Some qualitative reviewers have been cautious regarding the issue of causality
(e.g., Bauserman & Rind, 1997 ; Beitchman et al., 1991 ; Beitchman
et al., 1992 ; Constantine, 1981 ; Kilpatrick, 1987 ), arguing that the reliable
confounding of family environment problems with CSA prevents definitive conclusions
regarding the causal role of CSA in producing maladjustment. Other reviewers, although
recognizing limitations of correlational data, have nevertheless argued that causality is
the likely state of affairs (e.g., Briere & Runtz, 1993 ; Glod, 1993 ; Urquiza &
Capra, 1990 ). Some reviewers have strongly implied that CSA causes maladjustment by
consistent use of phrases that imply causation (e.g., "effects of CSA,"

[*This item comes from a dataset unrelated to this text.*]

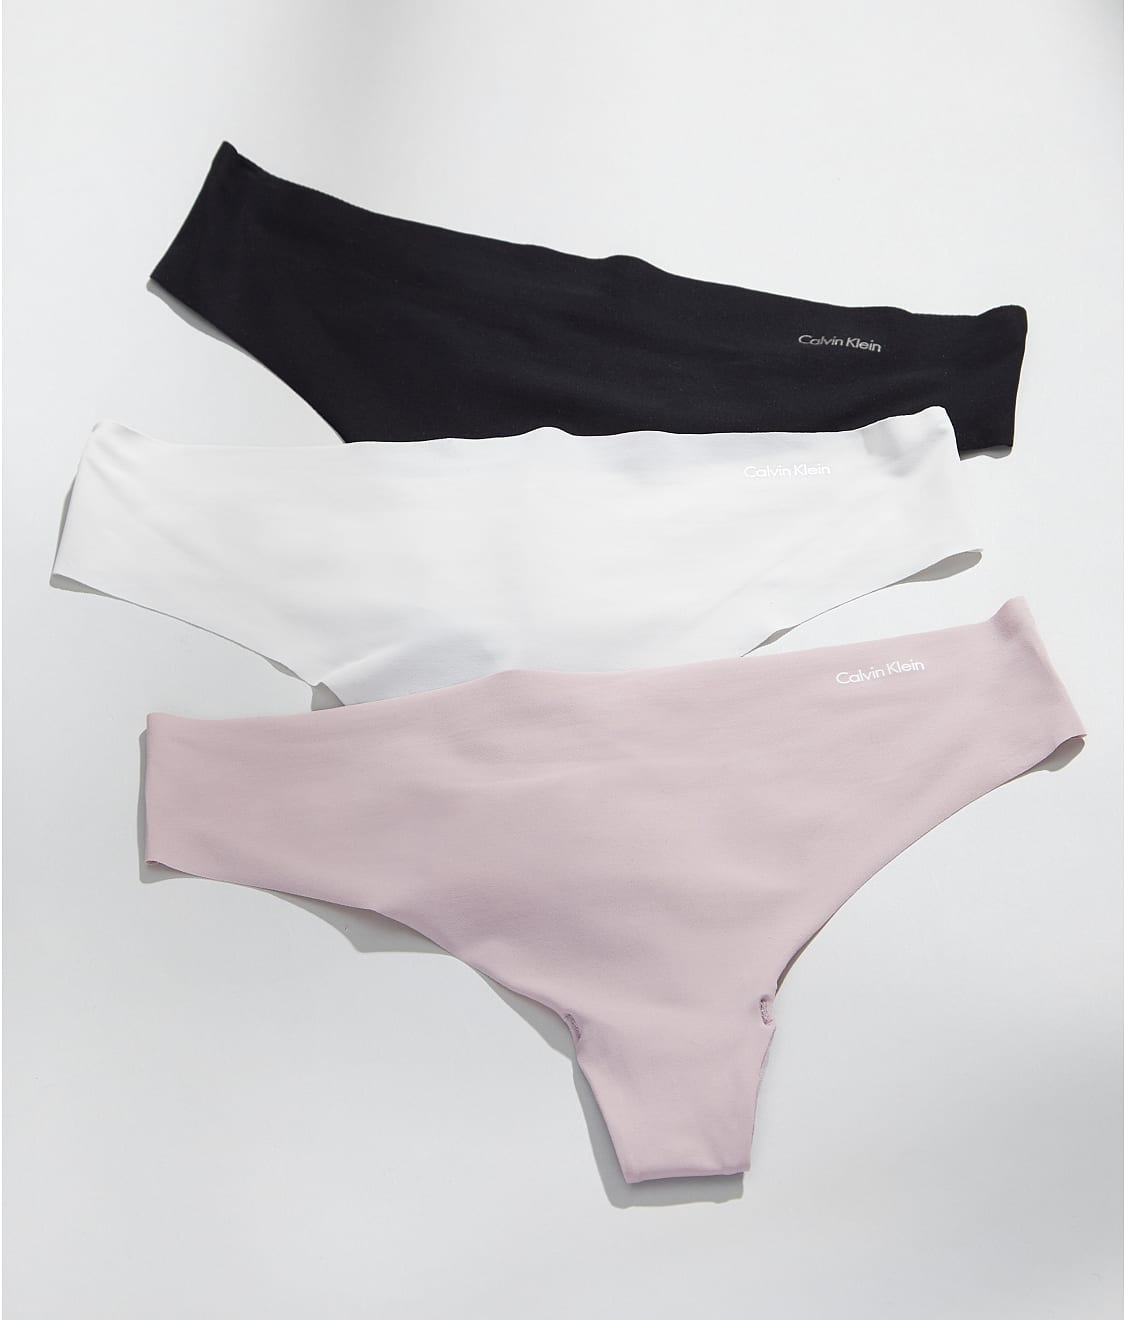 Calvin Klein Women's Invisibles Seamless Thong Panties, Multipack
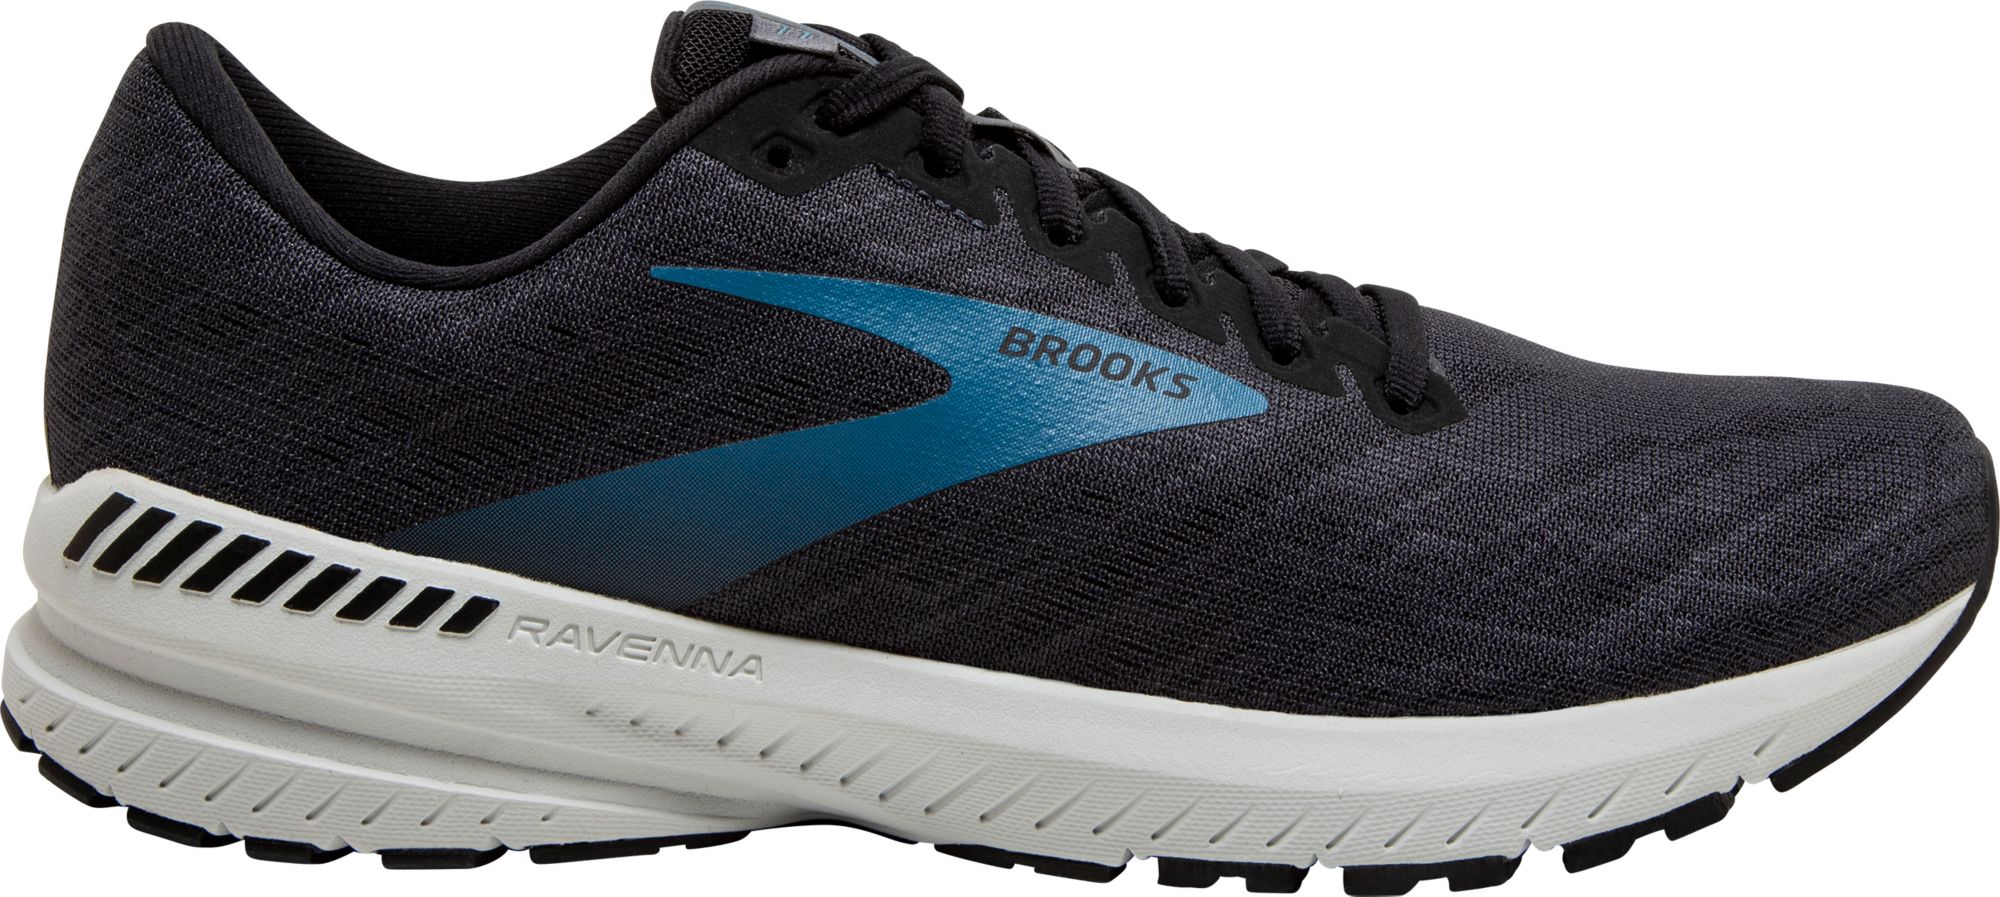 brooks men's ravenna 4 running shoes

"impact of CSA") and by not addressing alternative explanations (e.g., third
variables, such as family environment) that could account for the CSA-maladjustment link
(e.g., Black & DeBlassie, 1993 ; Briere & Elliot, 1994 ; Kendall-Tackett et al.,
1993 ; Mendel, 1995 ; Watkins & Bentovim, 1992 ).
Some reviewers have concluded that CSA outcomes are variable, rather than
consistently negative (e.g., Bauserman & Rind, 1997 ; Beitchman et
al., 1991 ; Beitchman et al., 1992 ; Browne & Finkelhor, 1986 ; Constantine, 1981 ;
Kilpatrick, 1987 ).
Constantine concluded that there is no inevitable outcome or set of
reactions and that responses to CSA are mediated by nonsexual factors. Beitchman et al.
(1991) argued that the prevalence of negative outcomes may be overestimated because of
overreliance on clinical samples. Browne and Finkelhor noted that only a minority of both
sexually abused (SA) children seen by clinicians and adults with a history of CSA show
serious disturbance or psychopathology. Other reviewers, however, have implied in several
different ways that CSA effects or correlates are prevalent among persons with a history
of CSA. First, some reviewers have claimed to have written "comprehensive"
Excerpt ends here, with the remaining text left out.